Copy each line of the data below in which the word "block" can be found.
[[ Data for review open ]]
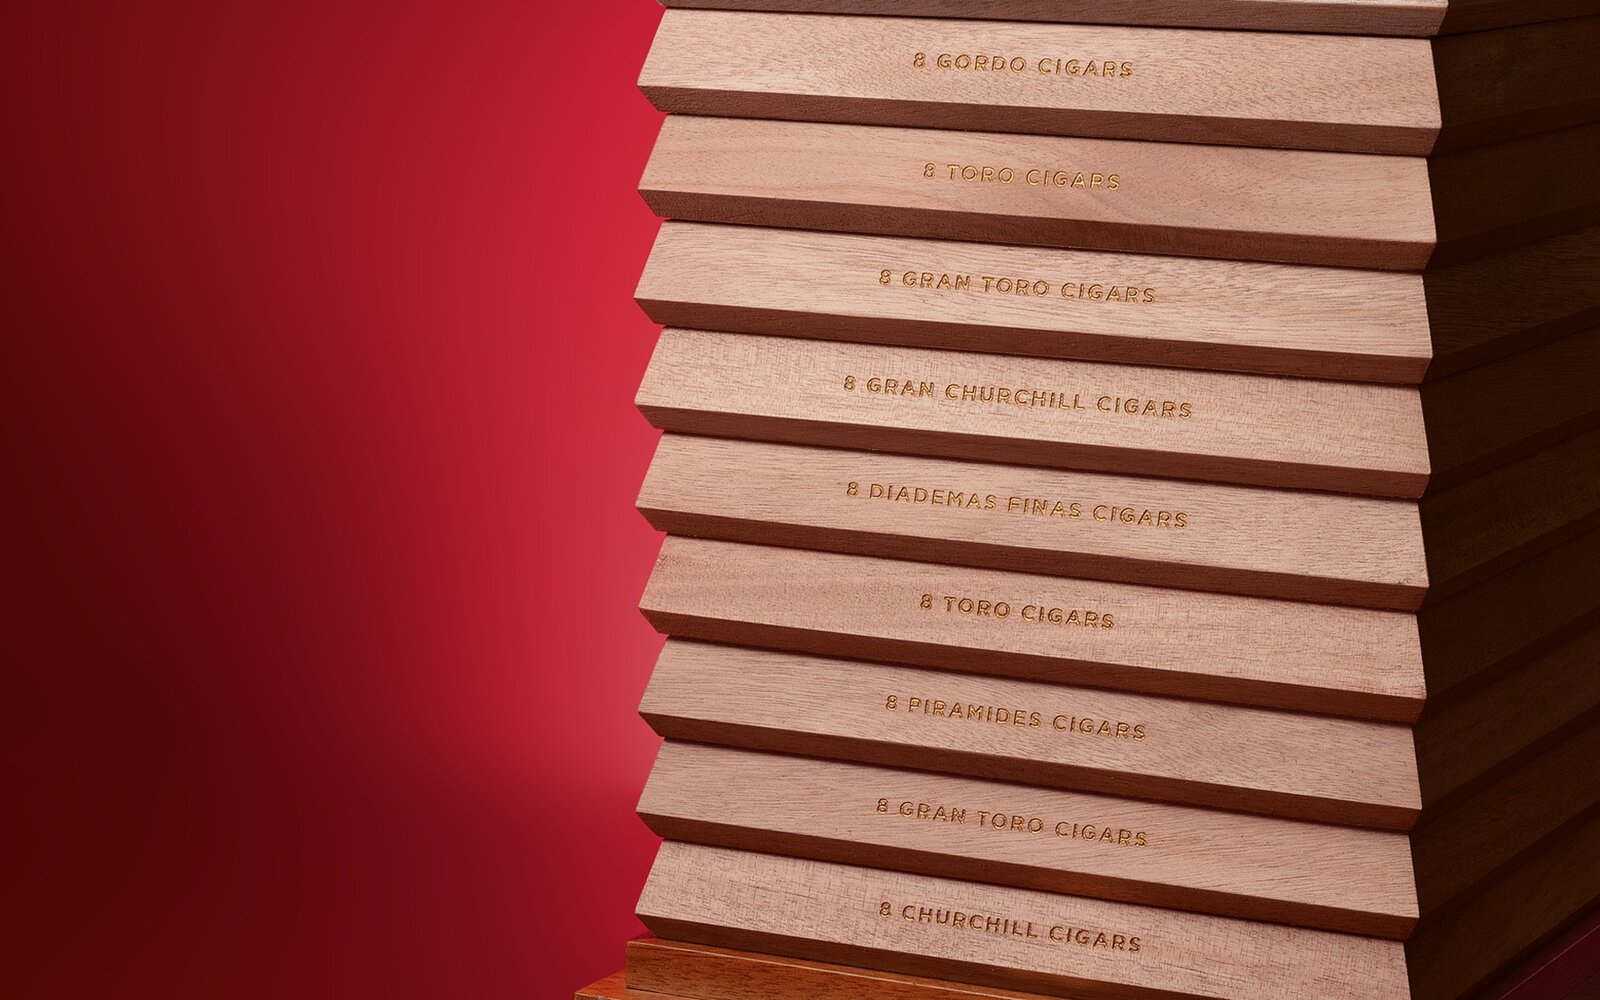 The Davidoff The Year of Collector’s Edition consisting of its stacked wooden trays and a striking red casing.
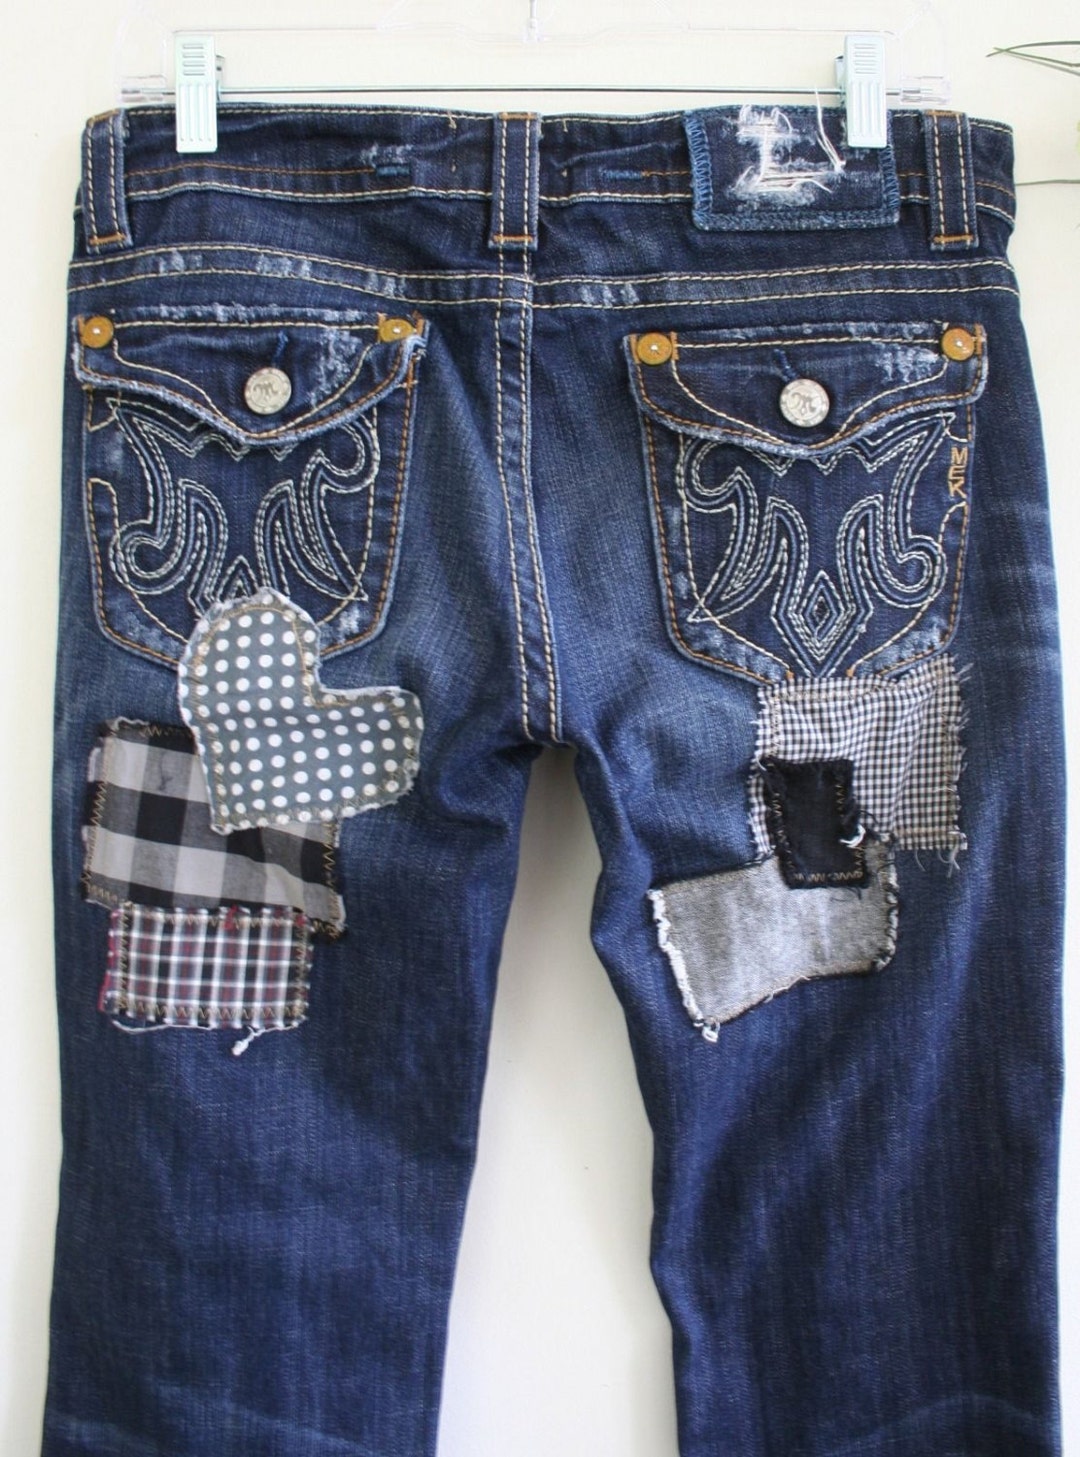 Recycled Jeans / Custom Handmade Jeans / by Breathe-again - Etsy
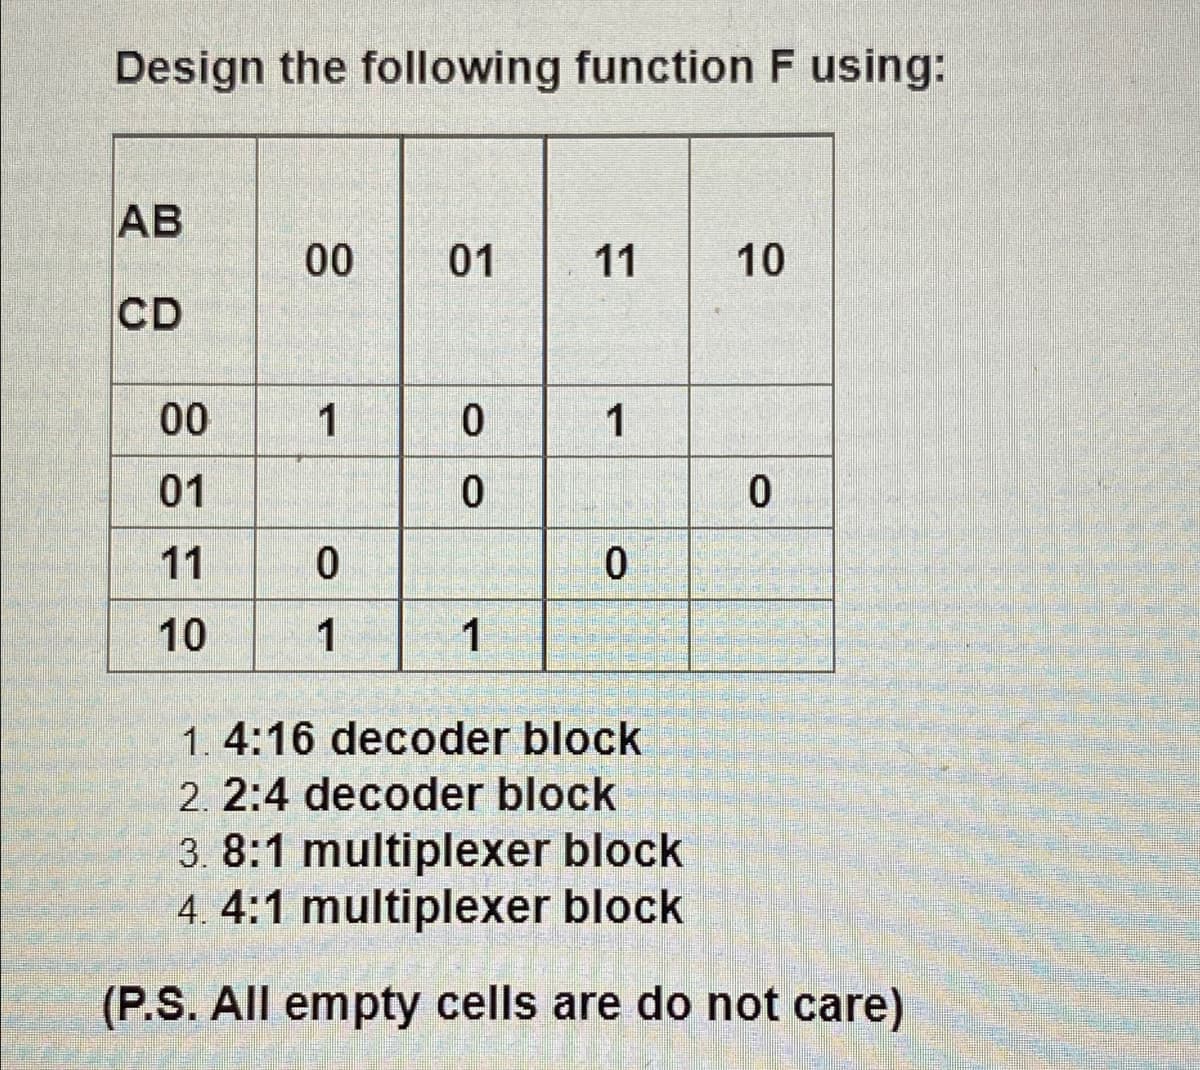 Design the following function F using:
AB
00
01
11
CD
00
1
1
01
11
10
1
1
1. 4:16 decoder block
2. 2:4 decoder block
3. 8:1 multiplexer block
4. 4:1 multiplexer block
(P.S. All empty cells are do not care)
10
[[ Data for review closed ]]
▶ Output of the task
1. 4:16 decoder block
2. 2:4 decoder block
3. 8:1 multiplexer block
4. 4:1 multiplexer block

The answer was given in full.